Second version of the idX algorithm. Implemented in C++ 17, using the idX Python project as a starting point.
A proteomics PSM assignment engine replacing most of the math with operations involving indexed collections. Identification confidence scoring based on Fisher's noncentral hypergeometric distribution, in conjunction with the number of ions matched with a sequence fragmentation pattern and the fraction of the ion intensity corresponding to those matched ions.
Current version: 2021.01 (std)
idX was designed to use a particular type of peptide sequence index file, which is referred to as a "kernel" file to avoid confusion with other projects that use indexing strategies. Kernel files are prepared prior to run time, so they can be edited and validated prior to use. All masses in kernels are in rounded integer millidaltons, so 1000.1231 Da would be represented as 1000123 mDa. All masses correspond to the neutral mass, not the ion mass. All references to specific residues are in protein coordinates.
These kernel files contain 3 types of entries and they are written in JSON Lines format.
- The first JSON line must be like:
{"format":"jsms 1.0","source":"some description","created":"2019-12-17 21:55:36.492350"}
- The lines containing peptide sequence information must be like (but all on 1 line):
{"lv":0,
"pm":parent mass,
"lb":"protein accession",
"pre":"residue - 1",
"post":"residue N+1",
"beg":start of peptide,
"end":end of peptide,
"seq":"peptide sequence",
"ns":[list of historical observations],
"bs":[list of b-fragment neutral masses],
"ys":[list of y-fragment neutral masses],
"mods":[list of modifications [residue,pos,mass]],
"u":uid for line,
"h":uid for peptide}
- The last line must be like:
{"validation":"sha256","value":"a21cd37e5ea05e36ddd264d0ede9abe108274ee7e58ad35dc08a468ff23d60bd"}
where the "value" is the SHA256 hash of all of the preceeding lines, with leading and trailing white splace removed.
The software runs using the main()
method in idx.cpp
to control the workflow of PSM identification. This method is also responsible for most of the logging text output that is directed to stdout. The order of operations in this method are as follows:
-
Command line parameters are checked and stored. Use the "--help" command line option to get the current list of parameters.
-
A
load_kernel
object is created and passed to aload_spectra
object, that creates a list of spectra in theload_spectra
object and an index of those spectra in theload_kernel
object. -
The
load_kernel
object is then loaded with peptide sequence information from the kernel file specified on the command line. Only kernels that have pm values within 20 ppm of a spectrum are processed. Only information required for step 4 is stored in memory: the other kernel information required for creating a useful output file is retrieved from a reparsing of the kernel file in step 5. -
A
create_results
object is created and it uses theload_kernel
andload_spectra
objects to generate a preliminary set of PSM assignments.
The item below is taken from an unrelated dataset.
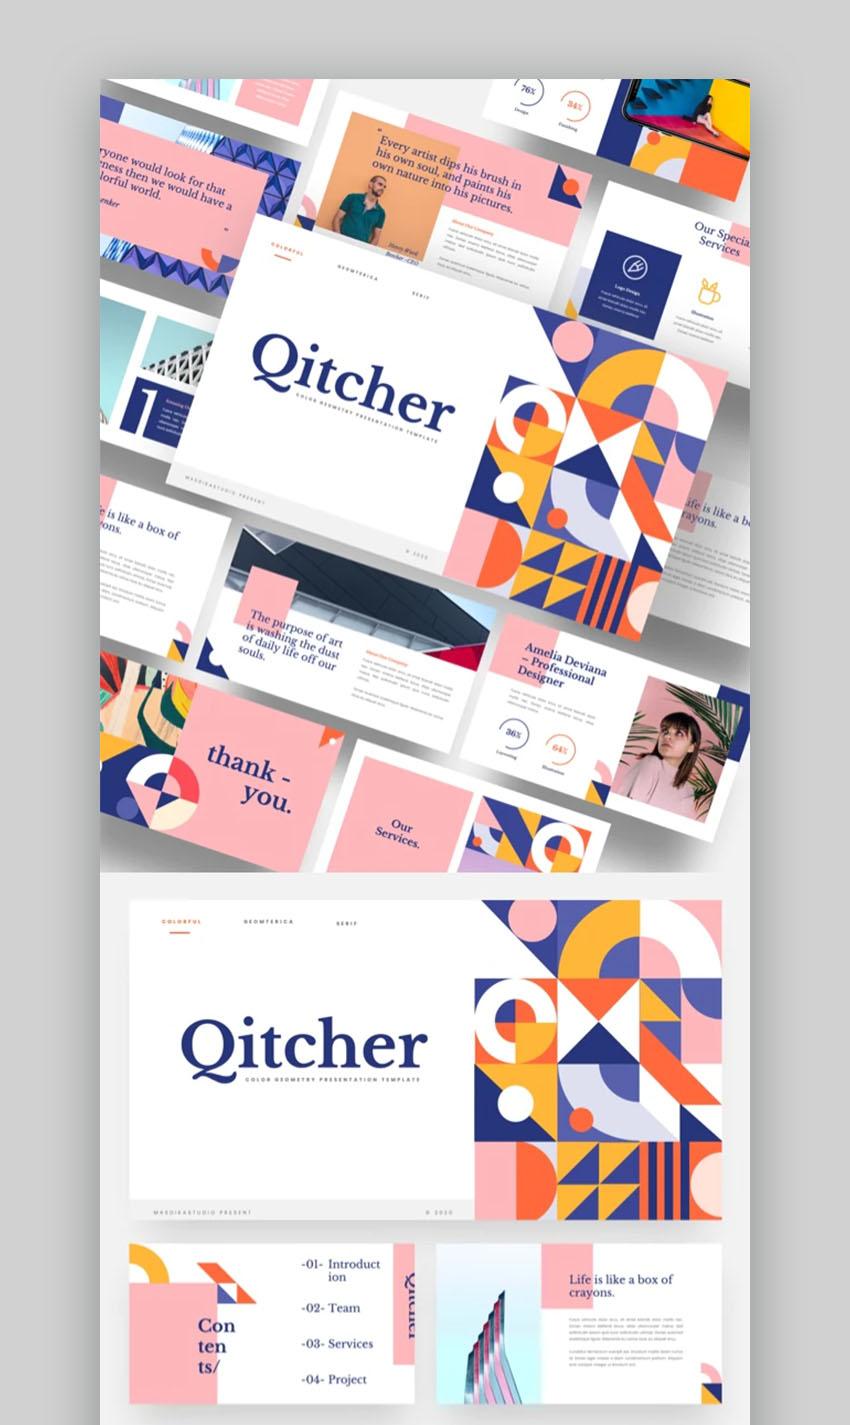 Qitcher Colorful Presentation Templates

Following this step all unnecessary memory objects are released prior to advancing to step 5. -
A
create_output
object is created which takes the preliminary list of PSM assignments and applies physical and statistical models to the list, generating a final list of PSM assignments that is recorded in a tab-separated value output file as specified on the command line. In order to do this, the object re-reads the kernel file, extracting information only from the kernels in the PSM list. This reparsing of the kernel file is one of the main elements in the memory size minimization strategy. An additional metadata file in JSON format is also generated and stored at "OUTPUT_PATH.meta".
NOTE: As much as possible, neutral masses in integer millidaltons (type int32_t
) are used throught the idX code, with as few variable type conversions as possible. C++ STL object indexes and sizes use type size_t
as often as possible.
NOTE: The PSM identification process is performed using C++ STL maps and sets. The high performance maps and sets in parallel_hashmap
are used for the largest indexed data structures.